Unfortunately, the $600 bonus expires at the end of July and PUA expires at the end of the year. Congress should act quickly to extend both. Additional improvements need to be made to both the structure and administration of PUA to ensure that it provides sufficient income without undue administrative burdens for multiple jobholders who have lost one or more jobs.

The CARES Act also includes new, temporary paid sick and family leave benefits for many employees who are unable to work due to their own illness, or because they have to care for a family member who is ill, or a child whose school is closed because of the coronavirus. The Act also provides similar benefits to self-employed people, but the mechanism for claiming them, a refundable tax credit applied to the 2020 tax return filed by the self-employed, means that these benefits are not available to self-employed people until next year.

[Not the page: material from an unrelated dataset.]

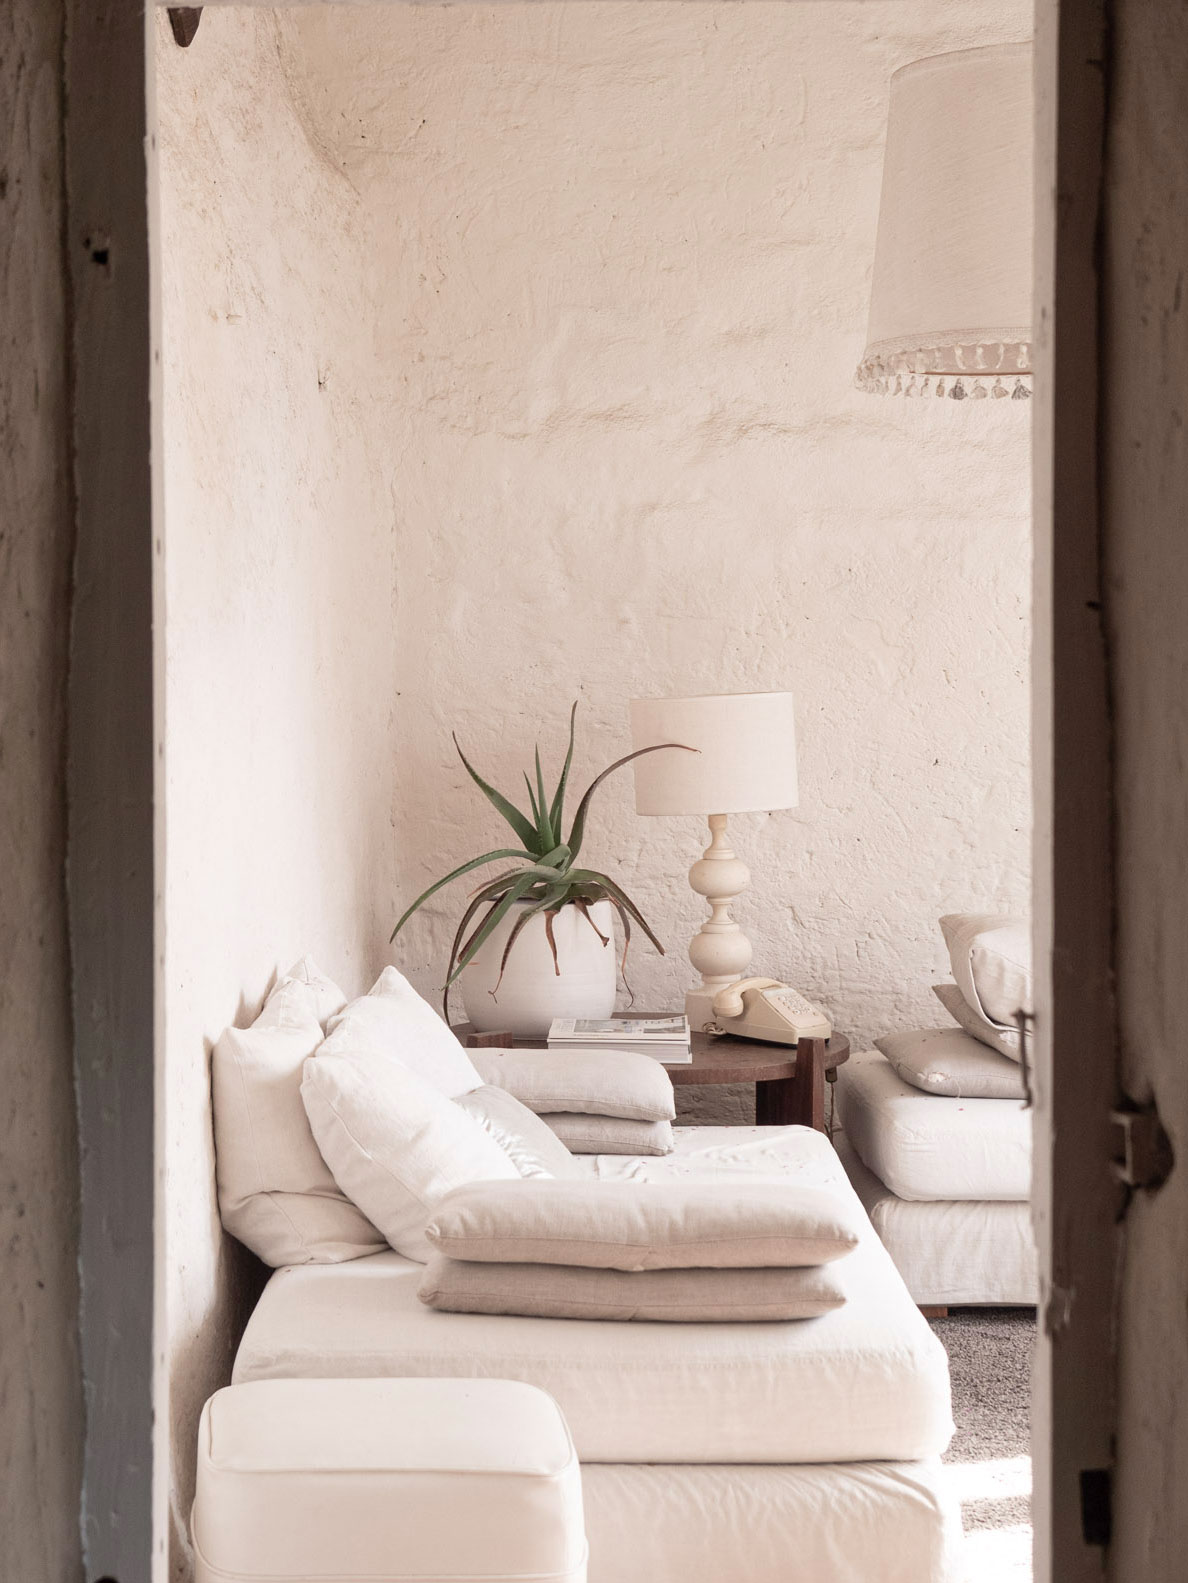 camellas-lloret-garden-apartment

While these and other measures in the pandemic-related legislation passed to date help millions of workers with multiple work arrangements, they remain insufficient and difficult to navigate. Policy discussions going forward should carefully consider how the current jobs crisis may affect these workers. Finally, federal statistical agencies need to improve the measurement of both employee and nonemployee multiple jobholding.

This article first appeared on CEPR.